Six New Year predictions on combatting ID fraud

London, UK and Boston, Ma (USA)

Mickey Boodaei, CEO of Transmit Security shares his predictions for 2024 Image courtesy of Transmit Security

Here, Mickey Boodaei, CEO & Co-Founder, Transmit Security shares his opinion on the trends, research and predictions on today's challenges of identity fraud and why identity threat cannot just be ignored.

1. Trend: Generative AI is enabling fraudsters to create more deceptive phishing campaigns, deepfakes and cyber threats that evade standard detection methods.

Proof: Fraud GPT is a real service (among others) on the dark web, giving cyber criminals the power of generative AI with no security guardrails. Want malicious code? Just ask. Need language translation and images for a phishing campaign? Done to perfection. Phishing attacks have increased over 1,200% in 2023 — a meteoric rise since the release of GenAI.

Prediction: The volume and sophistication of attacks will continue to rise as Gen AI gets smarter and bad actors learn how to wield its power.
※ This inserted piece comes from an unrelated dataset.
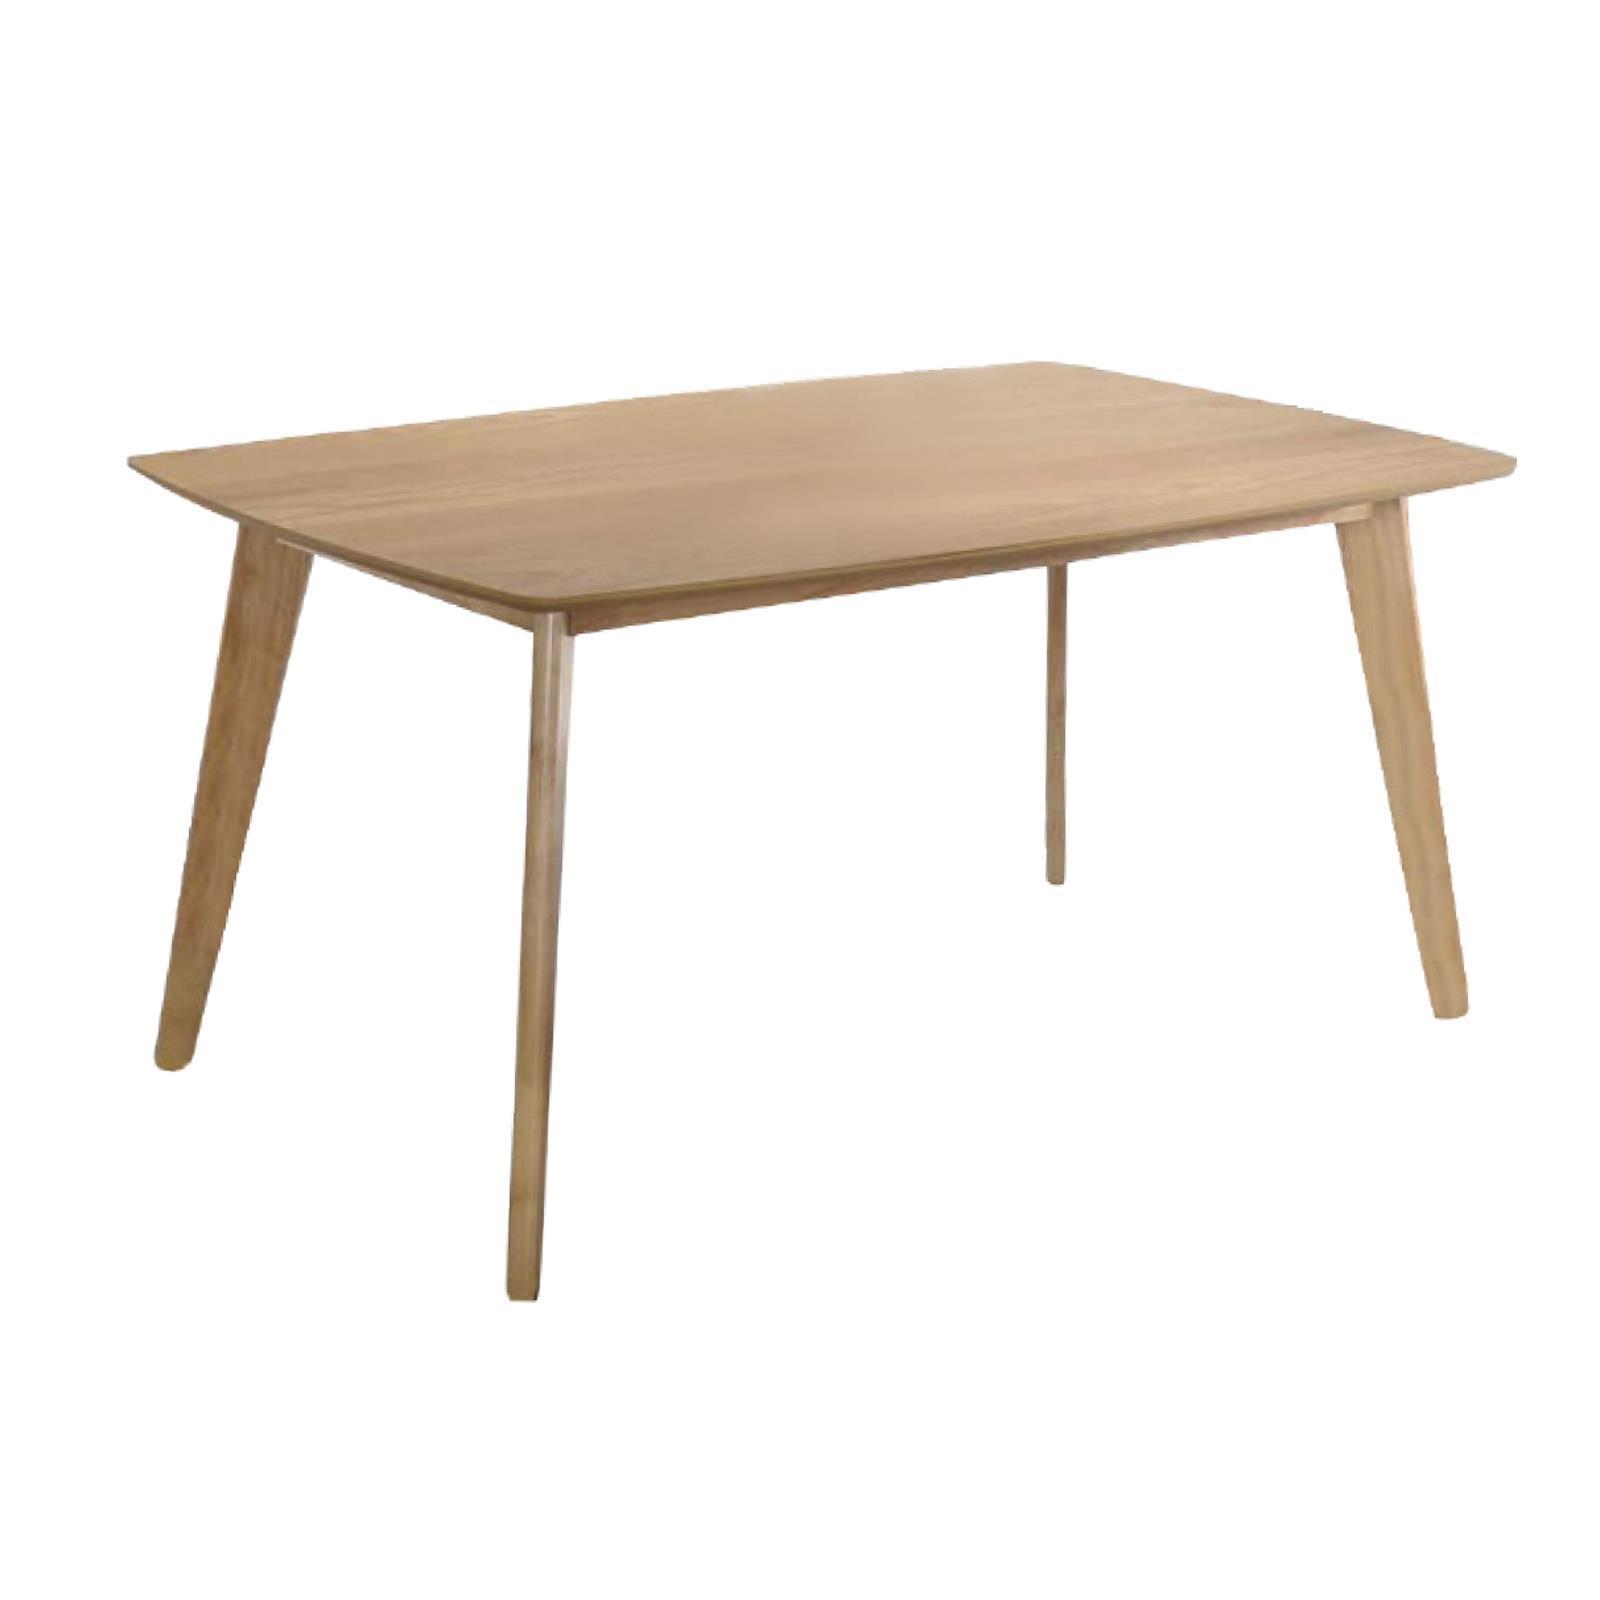 CALVIN τραπέζι τραπεζαρίας φυσικό Υ75x120x80εκ.

Organisations will race to implement Gen AI security and fraud detection, able to address deepfake voice authentication, fake IDs and phishing.
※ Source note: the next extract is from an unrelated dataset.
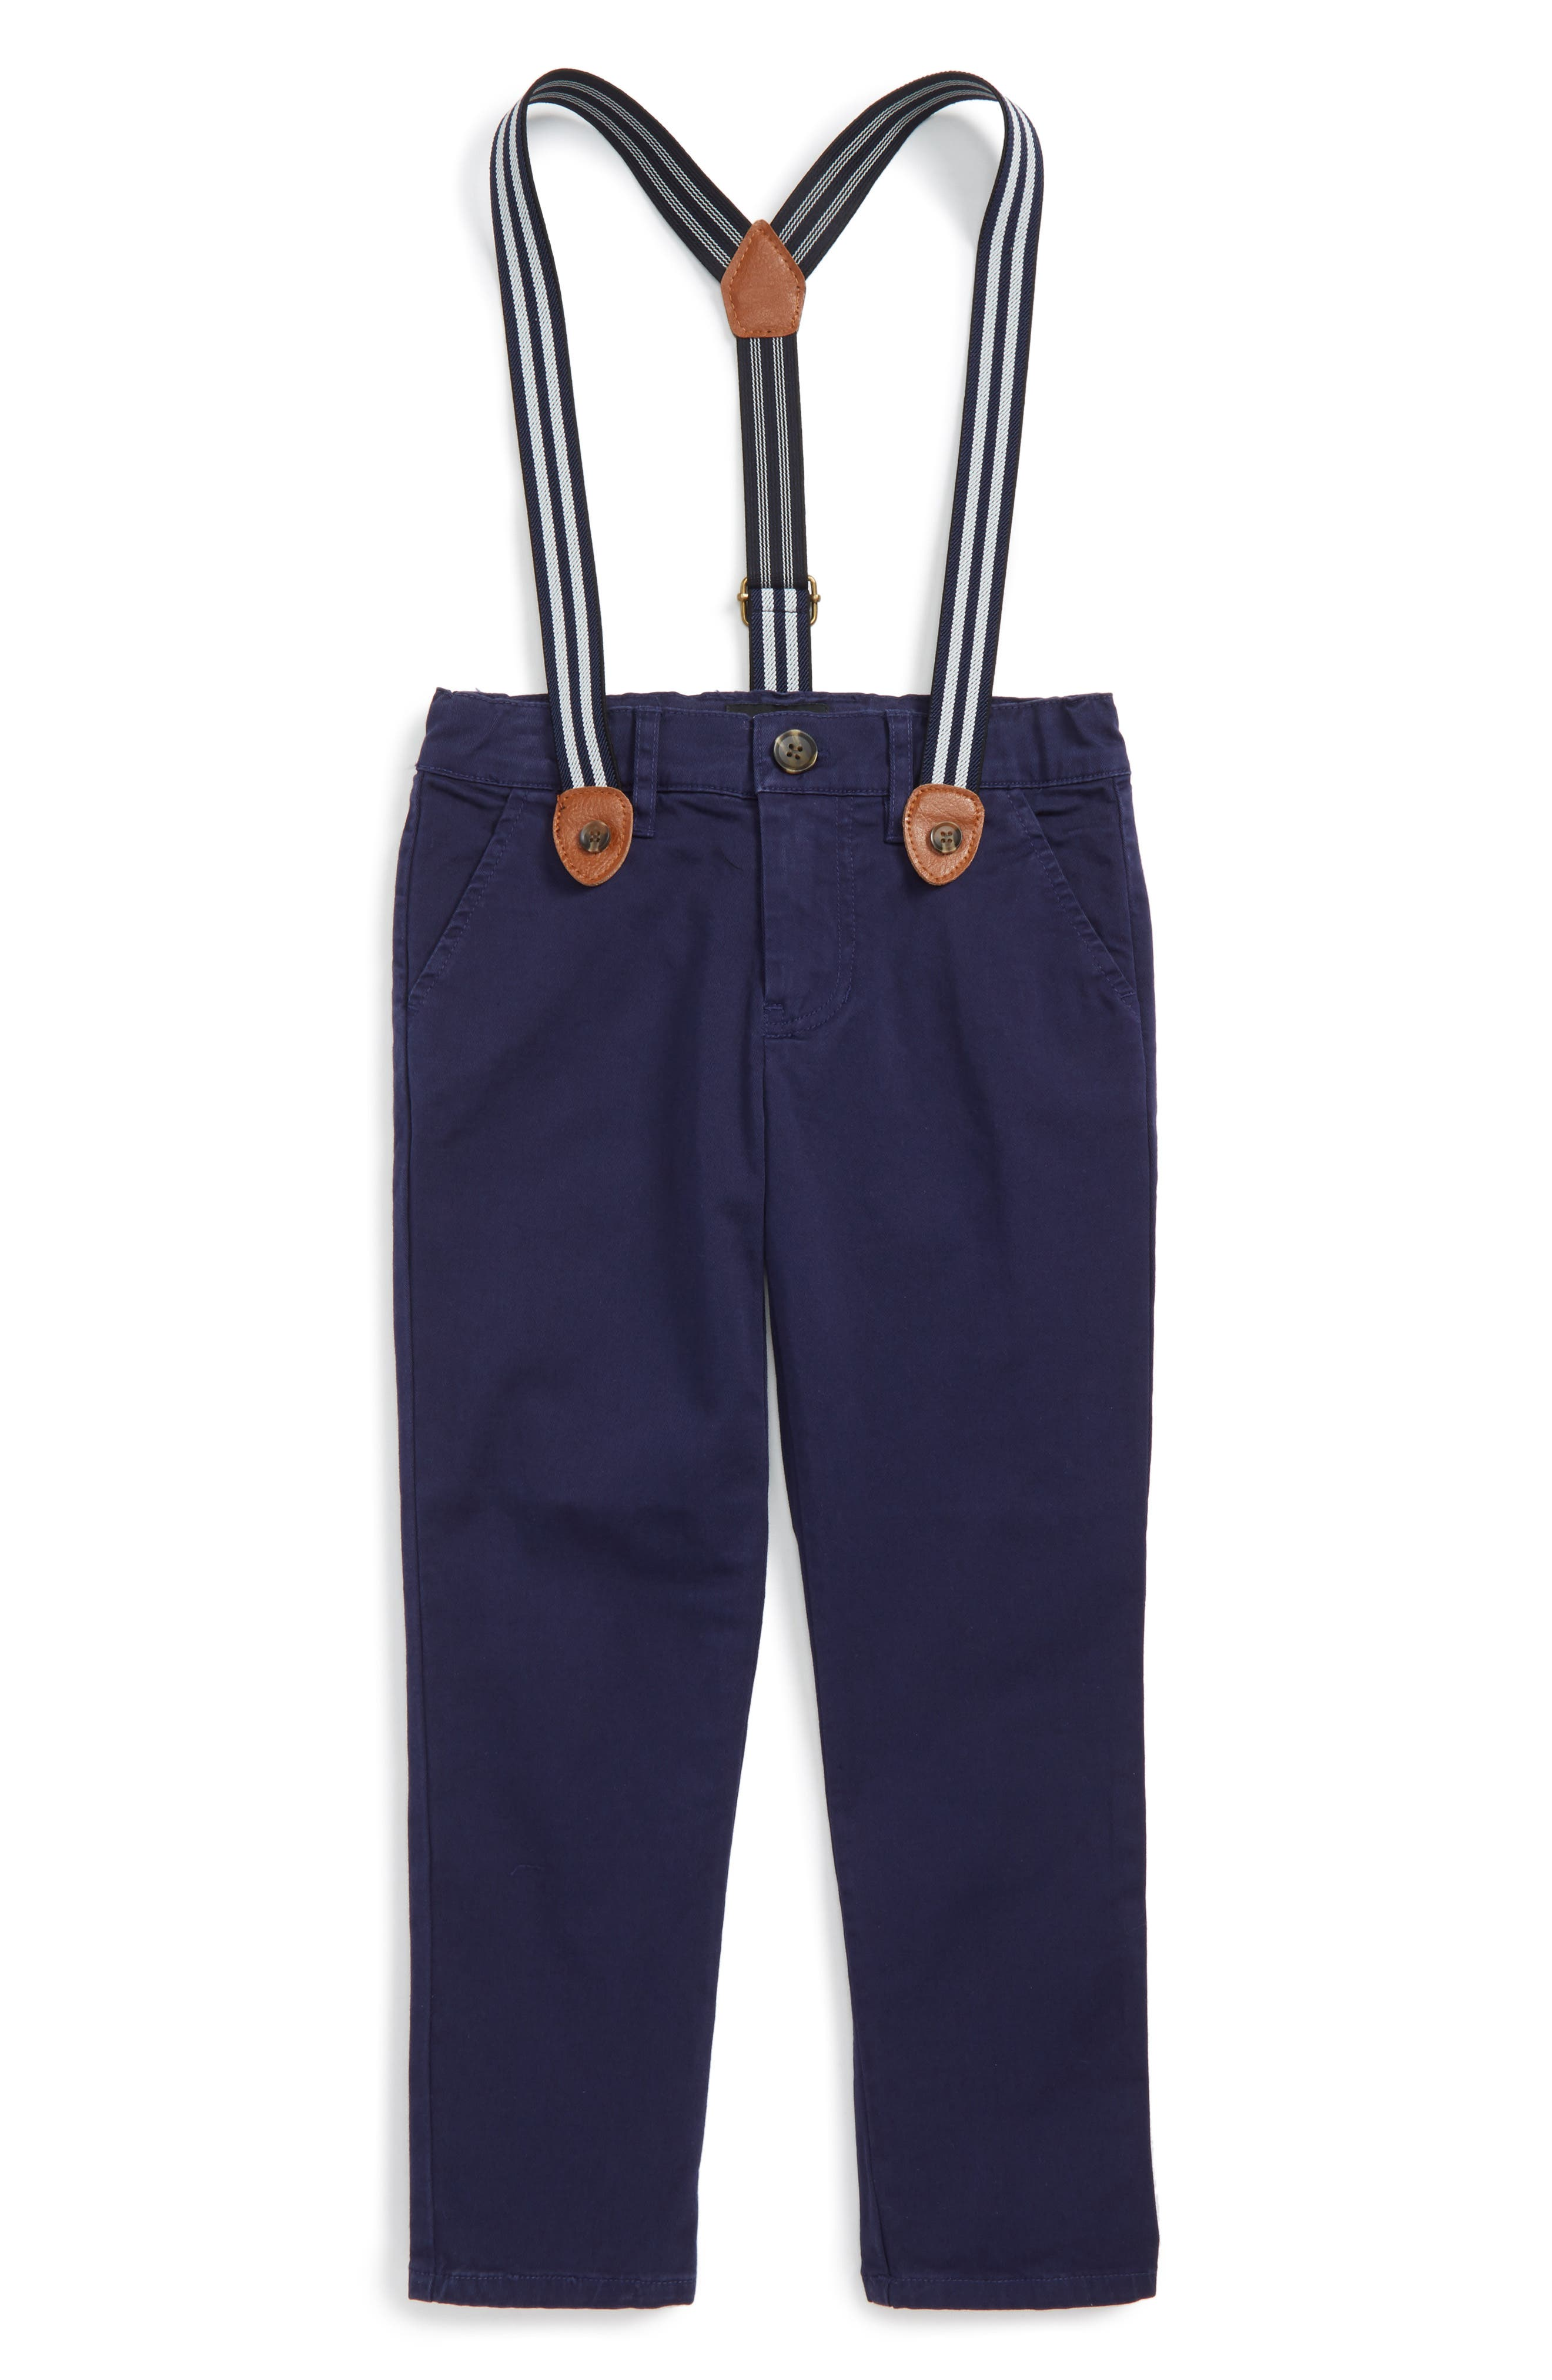 Chinos & Suspenders Set,                         Main,                         color, Midnight

2. Trend: Malicious mobile apps, masquerading as real, trusted apps, have spread like wildfire on app stores around the globe in 2023. Mobile banking trojans and remote access trojans (RATs) make it easy to steal user credentials and one-time passcodes (OTPs).
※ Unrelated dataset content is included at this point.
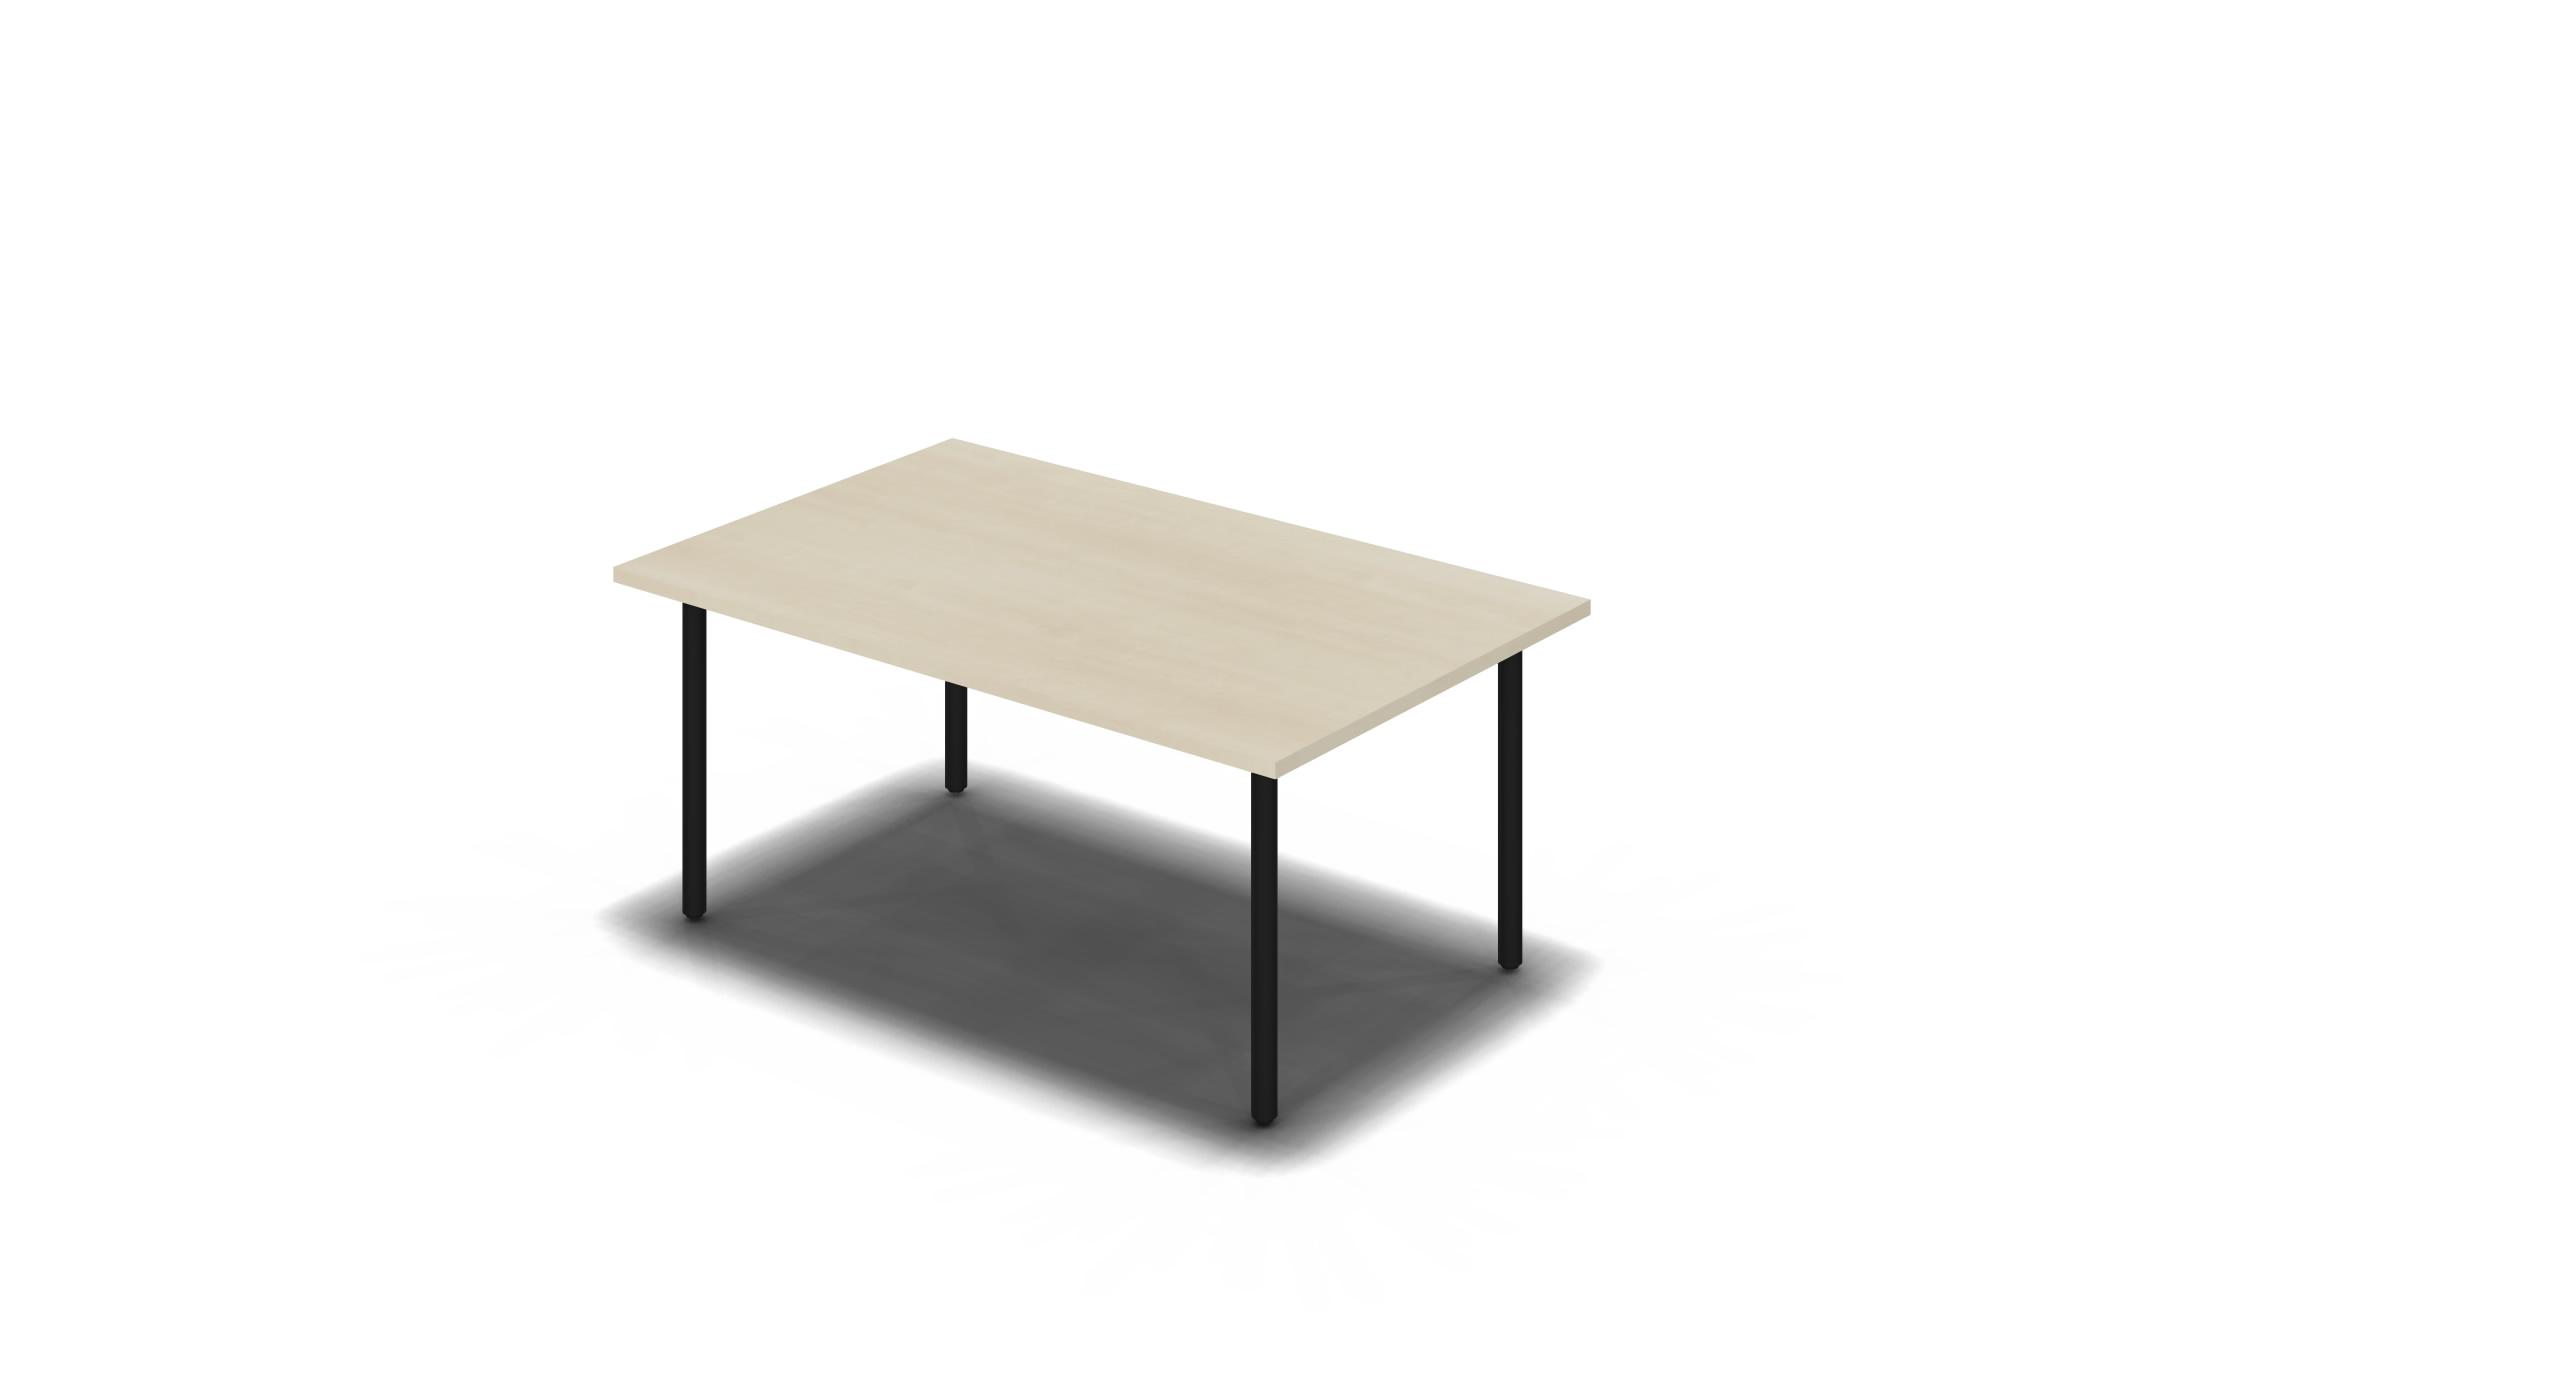 Table_Round_1500x900_Black_Maple_noOption

Proof: Gigabud RAT emerged in 2023, able to record the screen of an infected device and evade detection by delaying the execution of the malicious payload, which contains strings and commands obscured by encryption.

Prediction: Expect new compliance regulations that require companies and government agencies to do more to secure their own consumer-facing apps. The Monetary Authority of Singapore has signaled that new security mandates are on the horizon for global banks.

3. Trend: Authorised push payment (APP) fraud is on the rise for one simple reason: companies don't have a way to stop it. Victims are tricked into approving money transfers.

Proof: Financial losses from APP fraud are projected to double across the UK, India and the US in the next four years, hitting $5.25B by 2026.

Prediction: Companies will turn to generative AI as the only hope for detecting aberrant behaviour in real time to stop APP fraud.

4. Trend: Digital wallets and identity verification based on EIDAS 2.0 will become more usable, closing the door to some identity threats while improving interoperability across EU borders.

Proof: Machine readable codes and digital signatures enable verified claims and user authentication that works much like social logins or BYOID but far more secure.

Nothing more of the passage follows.